Requires-Dist: pytest-cov; extra == "dev"
Requires-Dist: mypy; extra == "dev"
Requires-Dist: black; extra == "dev"
Requires-Dist: flake8; extra == "dev"
Requires-Dist: isort; extra == "dev"
Dynamic: license-file

# U-Statistics-python `u-stats`
[![PyPI version](https://badge.fury.io/py/u-stats.svg)](https://badge.fury.io/py/u-stats)
[![Python 3.11+](https://img.shields.io/badge/python-3.11+-blue.svg)](https://www.python.org/downloads/)
[![License: MIT](https://img.shields.io/badge/License-MIT-yellow.svg)](https://opensource.org/licenses/MIT)
[![Style Status](https://img.shields.io/github/actions/workflow/status/Amedar-Asterisk/U-Statistics-python/style_check.yml?branch=main&label=Style)](https://github.com/Amedar-Asterisk/U-Statistics-python/actions)

**U-statistics** are fundamental tools in statistics, probability theory, theoretical computer science, economics, statistical physics, and machine learning.
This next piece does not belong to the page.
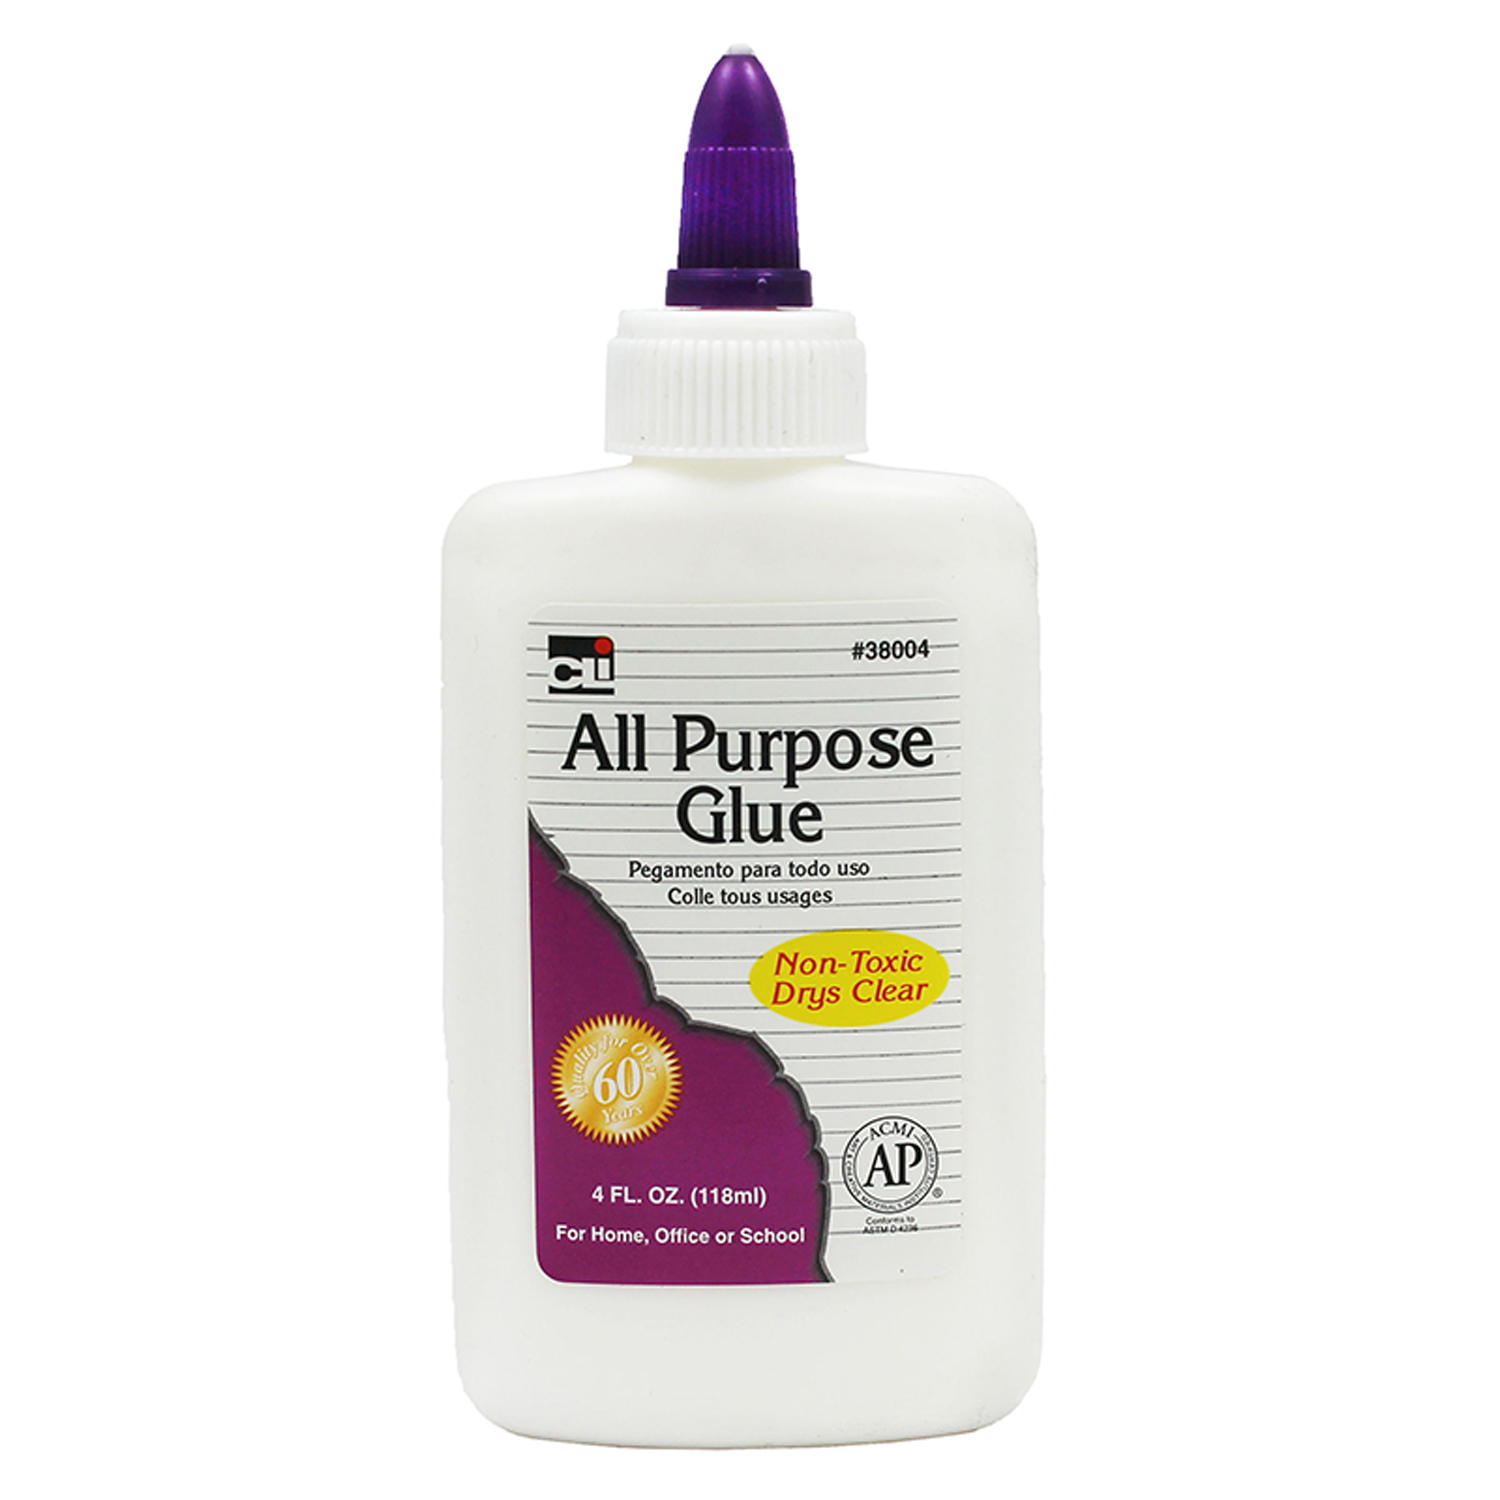 All-Purpose School Glue, AP Certified, 4 oz. Bottle, White, 1 Each

Named after Wassily Hoeffding, U-statistics provide unbiased estimators for population parameters and form the foundation for many statistical tests and methods. However, computing U-statistics can be computationally demanding, especially for high-order cases where the number of combinations grows exponentially.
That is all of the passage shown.